Steeh’s decision is one of two rejecting constitutional challenges to the legislative package intended to create almost universal healthcare coverage in part by compelling people over age 18 to obtain minimal coverage or pay a tax penalty.

The Virginia cases are scheduled to be heard during the May 10-13 argument session. Virginia Attorney General Ken Cuccinelli has asked the U.S. Supreme Court to take the Virginia case before it can be heard by the appeals court.

The law center’s request for an expedited argument was unopposed by the U.S. Justice Department.

“This essentially puts us on the same track — timing wise — with the Virginia case,” Yerushalmi said.

While U.S. District Judge Norman Moon in Lynchburg, Va., upheld the measure on Nov. 30, two other U.S. judges, Henry Hudson in Richmond, Va., and Roger Vinson in Pensacola, Fla., found the individual mandate portion of the act exceeded the legislative powers of Congress.

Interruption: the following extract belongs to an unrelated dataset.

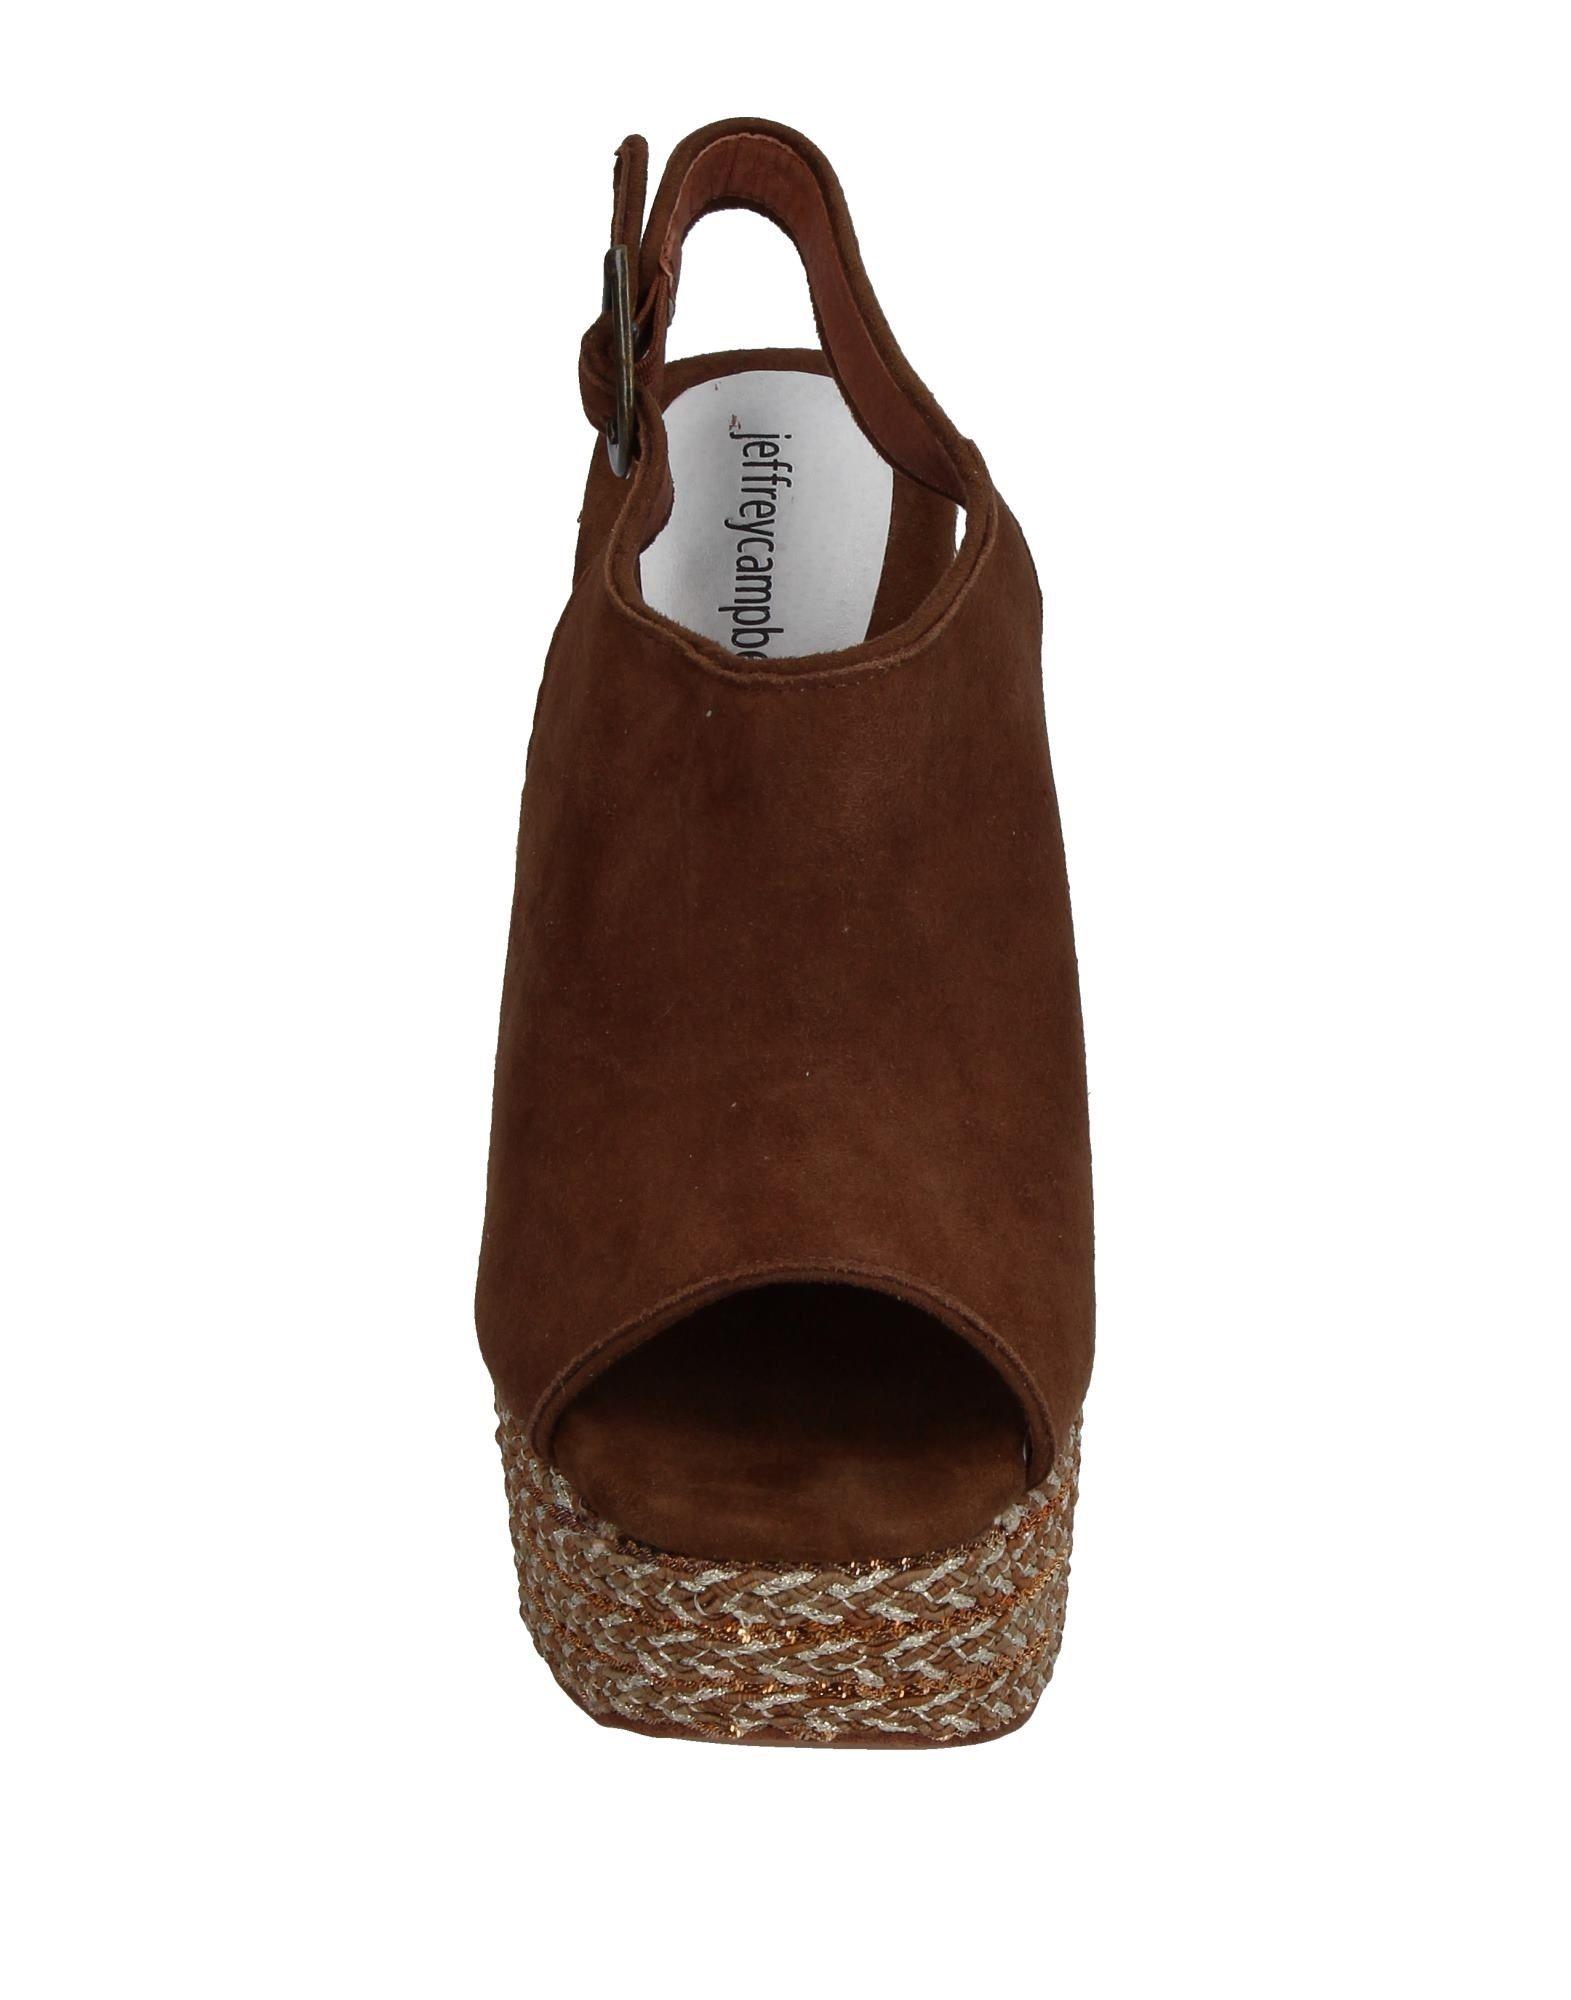 Jeffrey Campbell Sandalen Damen  11339951BI Gute Qualität beliebte Schuhe

Hudson struck down that part of the law, allowing the remainder of it to stand. Vinson ruled that the mandate was essential to the legislative scheme, and ruled the entire act was thus void.

The government, which sought the expedited review in Virginia, also has said it will appeal Vinson’s ruling.

The case is Thomas More Law Center v. Obama, 10-2388, U.S. Court of Appeals for the Sixth Circuit (Cincinnati).